Healthy is good for people so it must be equally good for their employers. Not so fast. Employee wellness programs have exploded across our fibit-ized lives. But as connected wearables track our body’s every movement, (with questionable accuracy), larger questions are bubbling up about our employer’s ability to use that data to increase our well-being while lowering company healthcare costs and boosting productivity.

Healthcare experts and an HR researcher recently put their heads together to talk about HR’s role in health and wellness programs during an SAP Radio broadcast of Changing the Game with HR entitled, Health and Wellness: HR’s New Call to Action.  Host and moderator Bonnie D. Graham launched the conversation by pointing out that sharing any kind of personal information is predicated on trust, and that’s particularly the case when it comes to our health.

Unending ounces of prevention

Used in the right way, information from sensors could help reduce obesity to head off preventable illnesses such as Type II diabetes. The idea is to track someone’s exercise habits, sleep, nutrition, weight and so forth, and get them to adopt a healthier lifestyle.

“We’re all catching on to the fact that what we need to do is treat people before they’re sick,” said Linda Townsend, founder of Release Well-Being Center. “While this won’t necessarily be total prevention because they’d be picking up on some sort of markers in the body perhaps, it’s certainly good information that can be used to catch things early or encourage healthy lifestyles.”

This will only work if wellness programs aren’t one-off competitions a la Biggest Loser contests or 5k runs with short-term gains and no lasting effects. “Wellness programs that are focused more holistically and on lifestyle change are far more successful, actually impacting the long-term health of the employee and the bottom line for the organization,” said Townsend.

Data impact: it’s not about just you

Grant Gordon, CEO and co-Founder of Artemis Health, has worked with approximately 300 benefits teams, and said that companies are terrified of seeing any individual’s data because the last thing they want is for somebody to get fired for totally unrelated reasons.

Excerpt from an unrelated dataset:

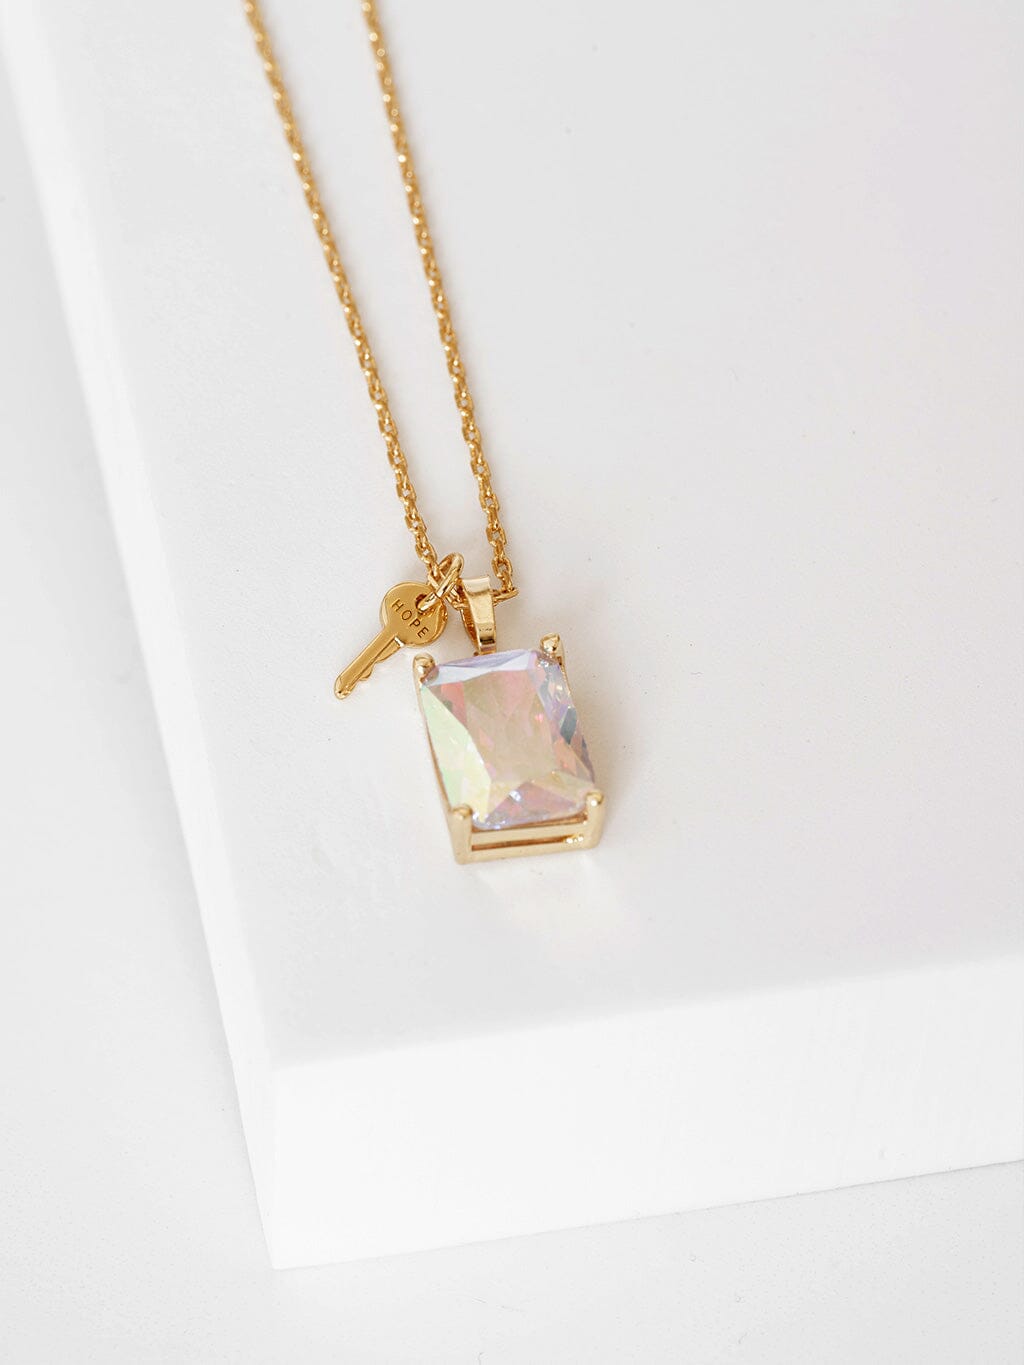 Emerald Cut Gemstone and Mini Key Necklace Necklaces The Giving Keys Gold HOPE / Aurora Borealis

“What they do want to know is, looking at my population…how can I roll out programs that materially impact their lives? How can I make them not just happier at work, but also happier at home because I reap the benefit of that all around and it’s the right thing to do,” said Gordon. “Even if they are pulling in step-by-step, FitBit-like data, they’re trying to understand if the programs that they’re using impact members in a way they can quantify from a financial or healthiness perspective.”

Measuring ROI is a challenge

Drawing on his background in occupational health psychology, Joe Sherwood, HCM Researcher at SAP SuccessFactors, said he’s seen measurable effects on the performance and engagement of people who have participated in company wellness programs. However, ROI is another matter.

“Jobs and managerial relationships with employees can definitely be designed and cultivated in such ways that stress is reduced and employees sleep better,” he said. “But it’s difficult to see ROI because if you think about what these programs do, they’re not necessarily related to return on investment..there are challenges in terms of looking at hard dollars spend versus earned in terms of productivity of your workforce.”

Sherwood advised companies embarking on a wellness program to nail down the metrics first, such as employee data by level, objective or subjective measures of health, mental or physical health, or performance. “If you know what you’re going to track and you know the outcomes you expect, then you can create a program that drives those,” he said.